GOAL OF THE EXERCISE.
In the material below, please retype the lines from the very first through the one with "2008 Bentley Continental GT Brochure Page 2", exactly and without pictures.

GIVEN MATERIAL.

----------------

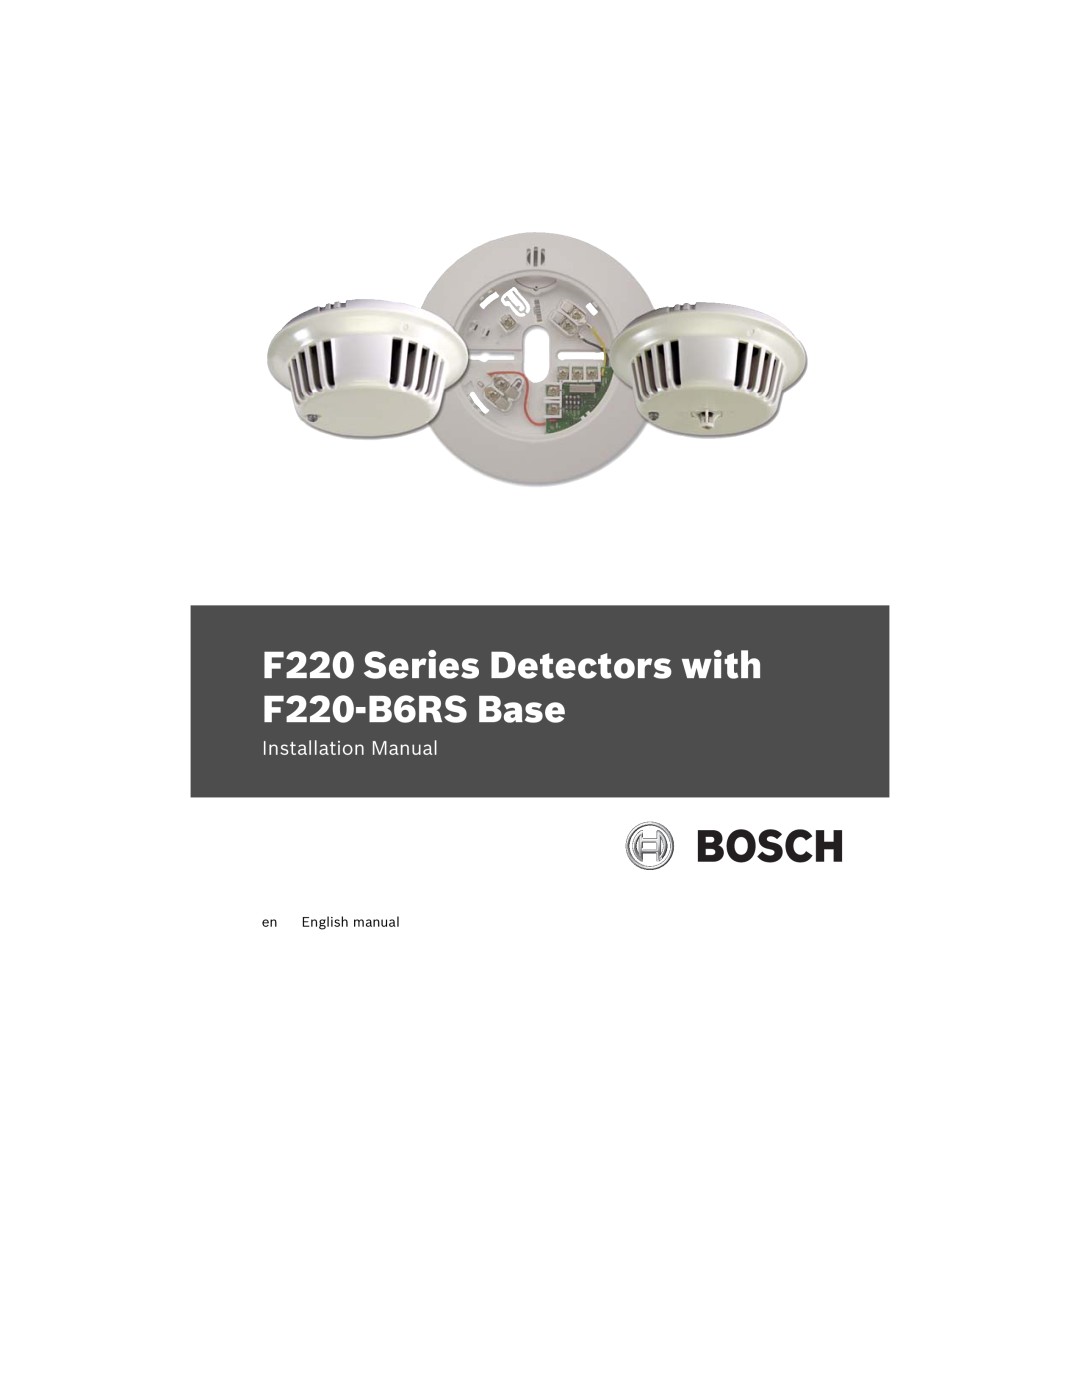 Bosch Appliances installation manual F220 Series Detectors with F220-B6RSBase, Installation Manual, English manual 
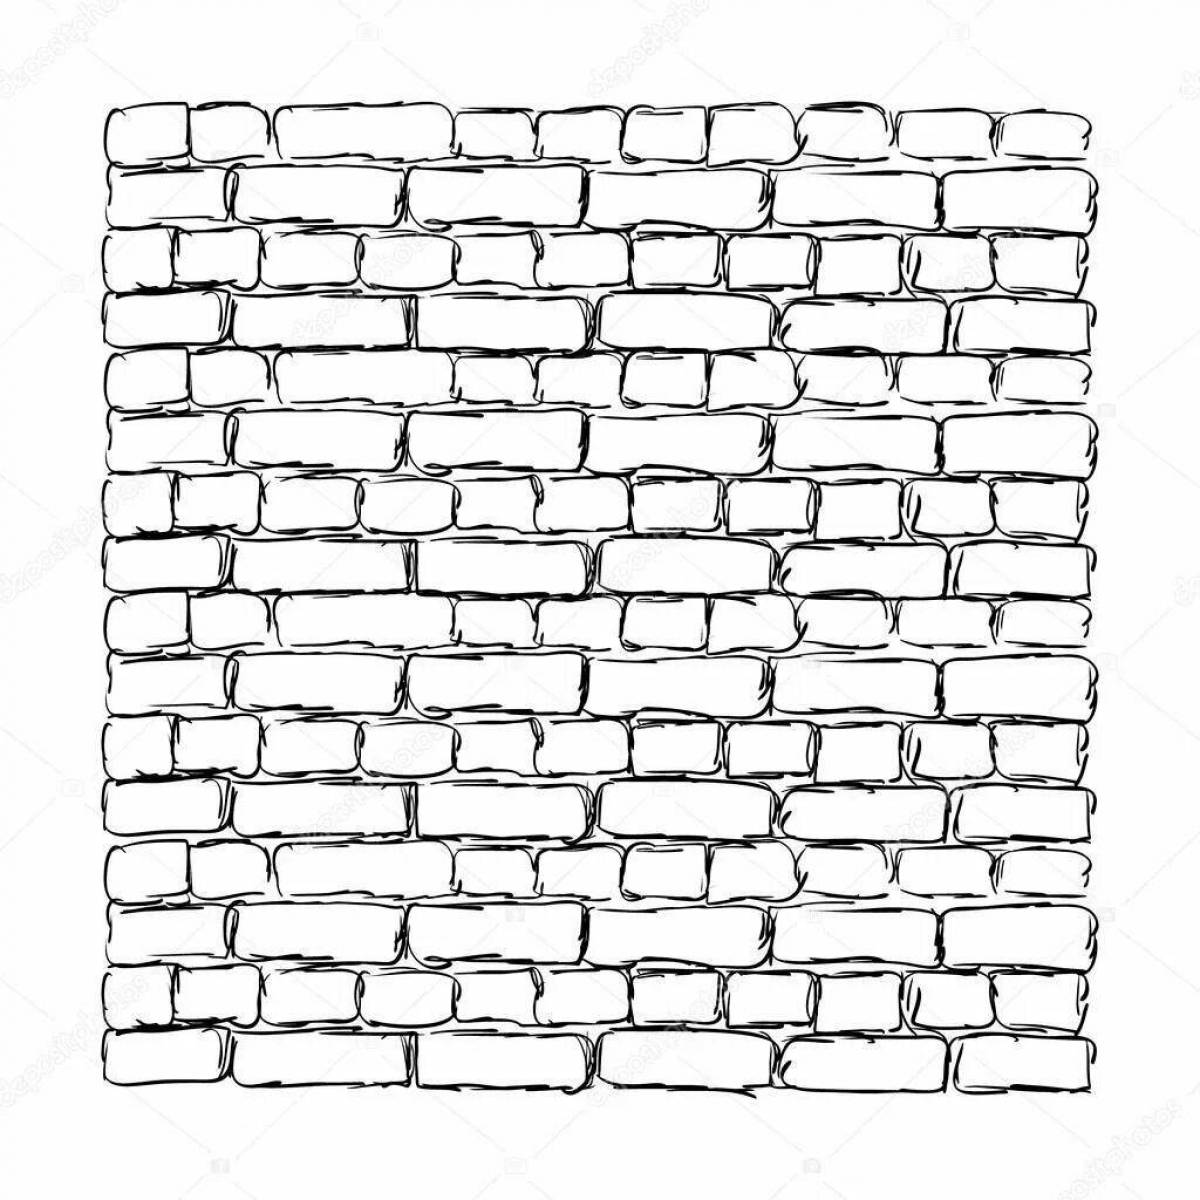 Adorable brick wall coloring page
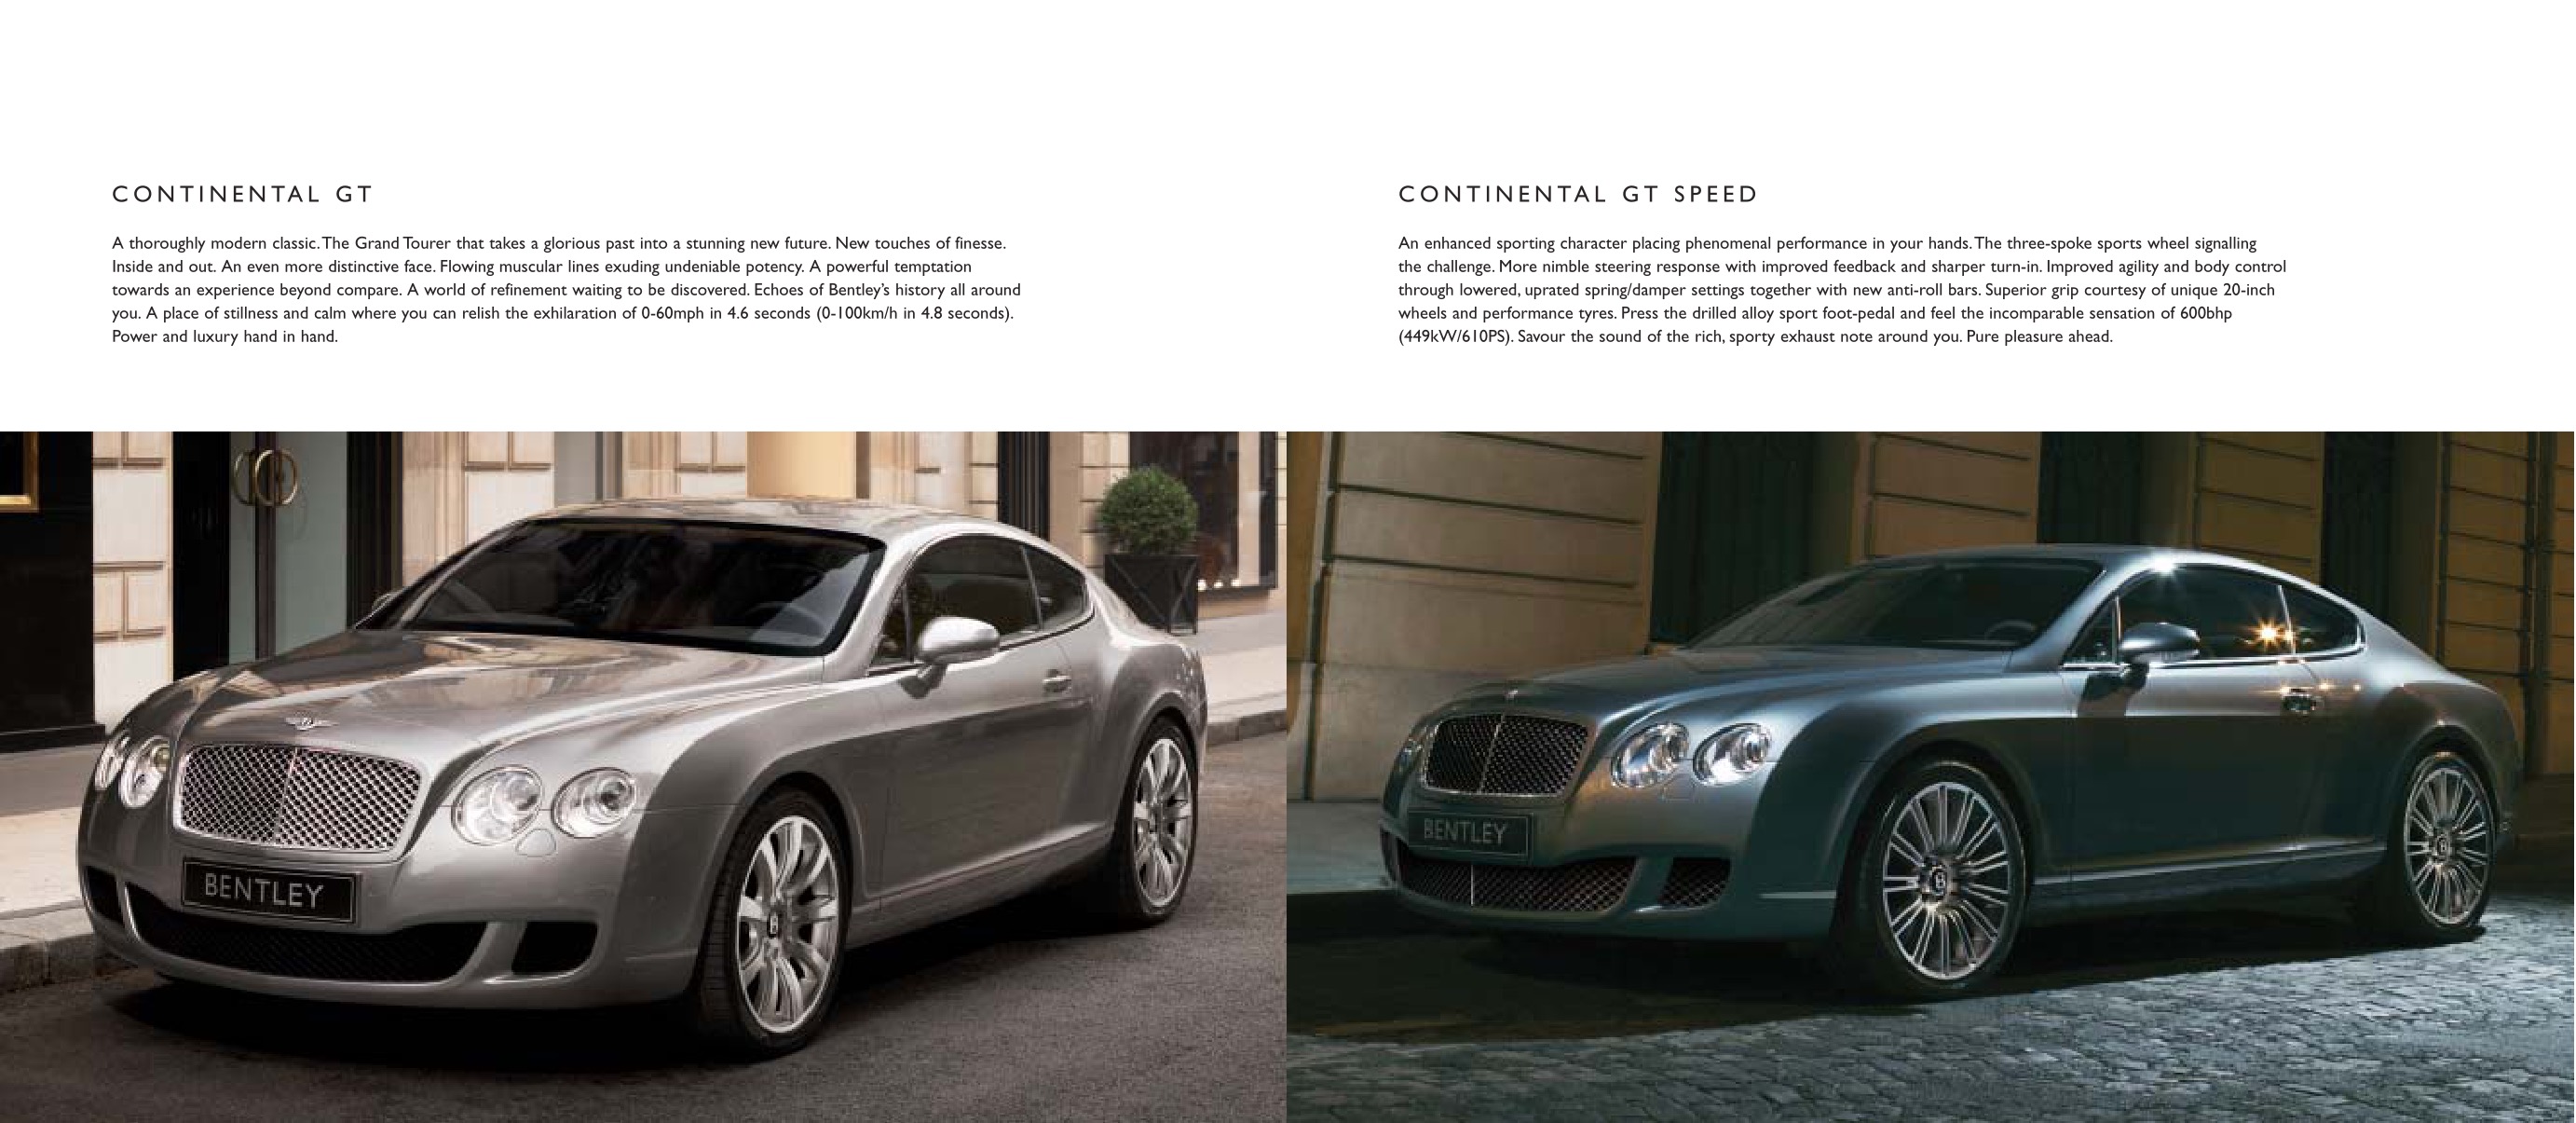 2008 Bentley Continental GT Brochure Page 2
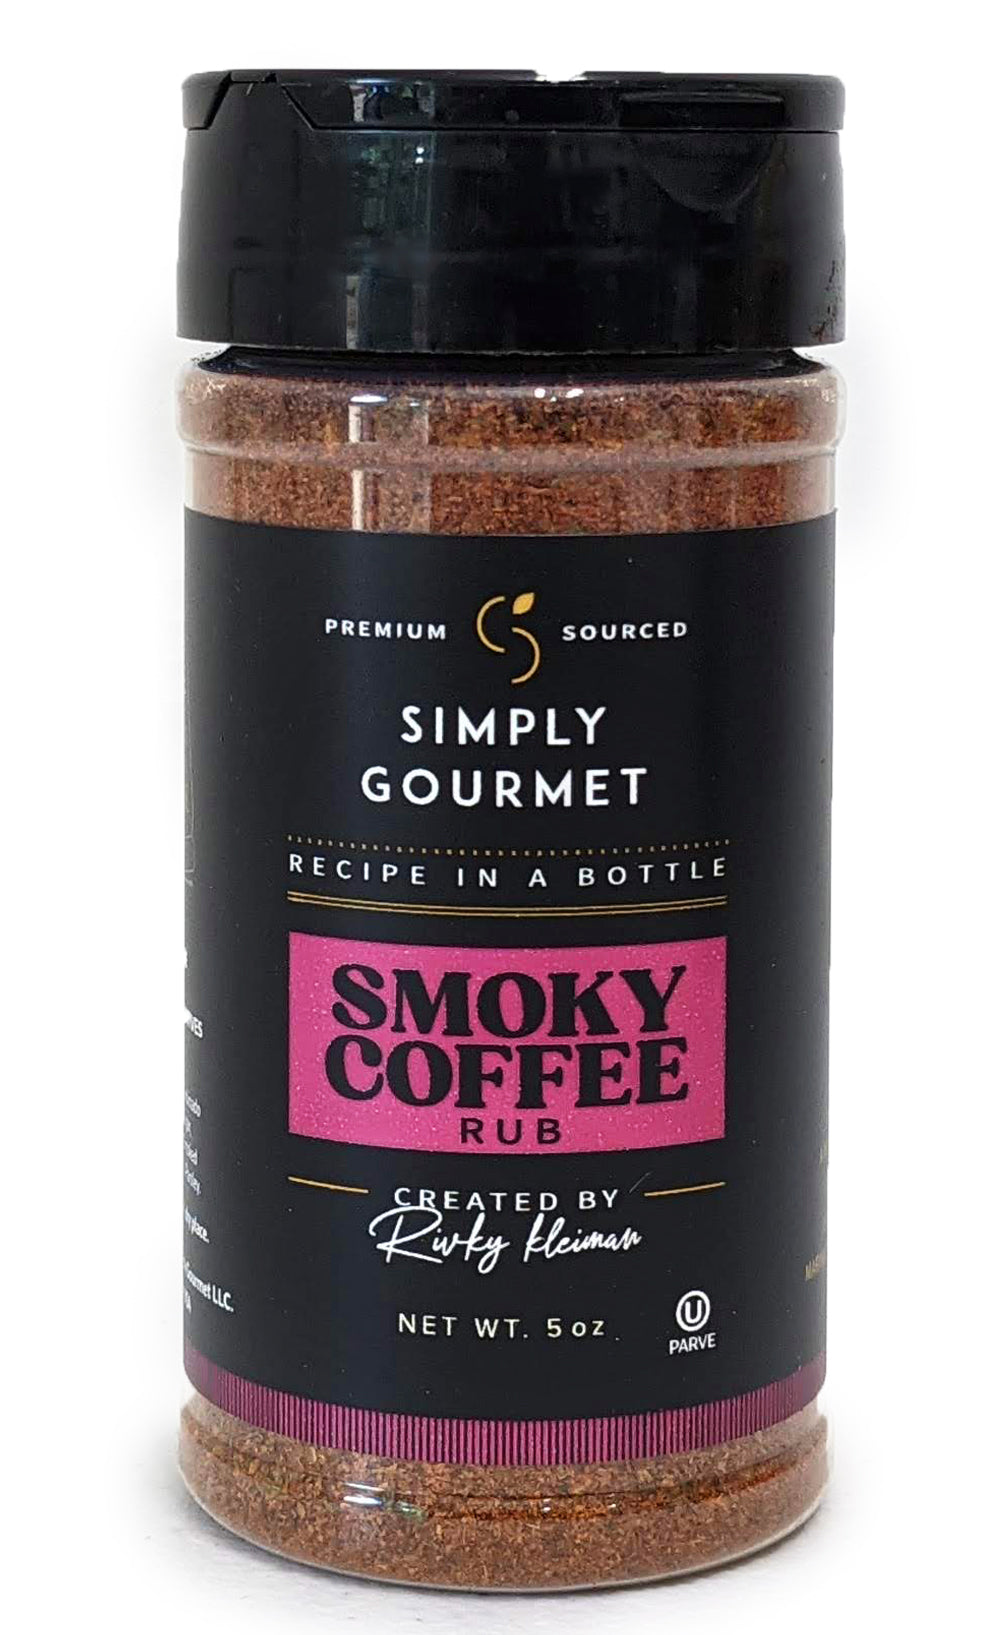 Simply Gourmet, Smoky Coffee Rub, created by Rivky Kleiman

----------------

ANSWER SPACE.
 Bosch Appliances installation manual F220 Series Detectors with F220-B6RSBase, Installation Manual, English manual 
 Adorable brick wall coloring page
 2008 Bentley Continental GT Brochure Page 2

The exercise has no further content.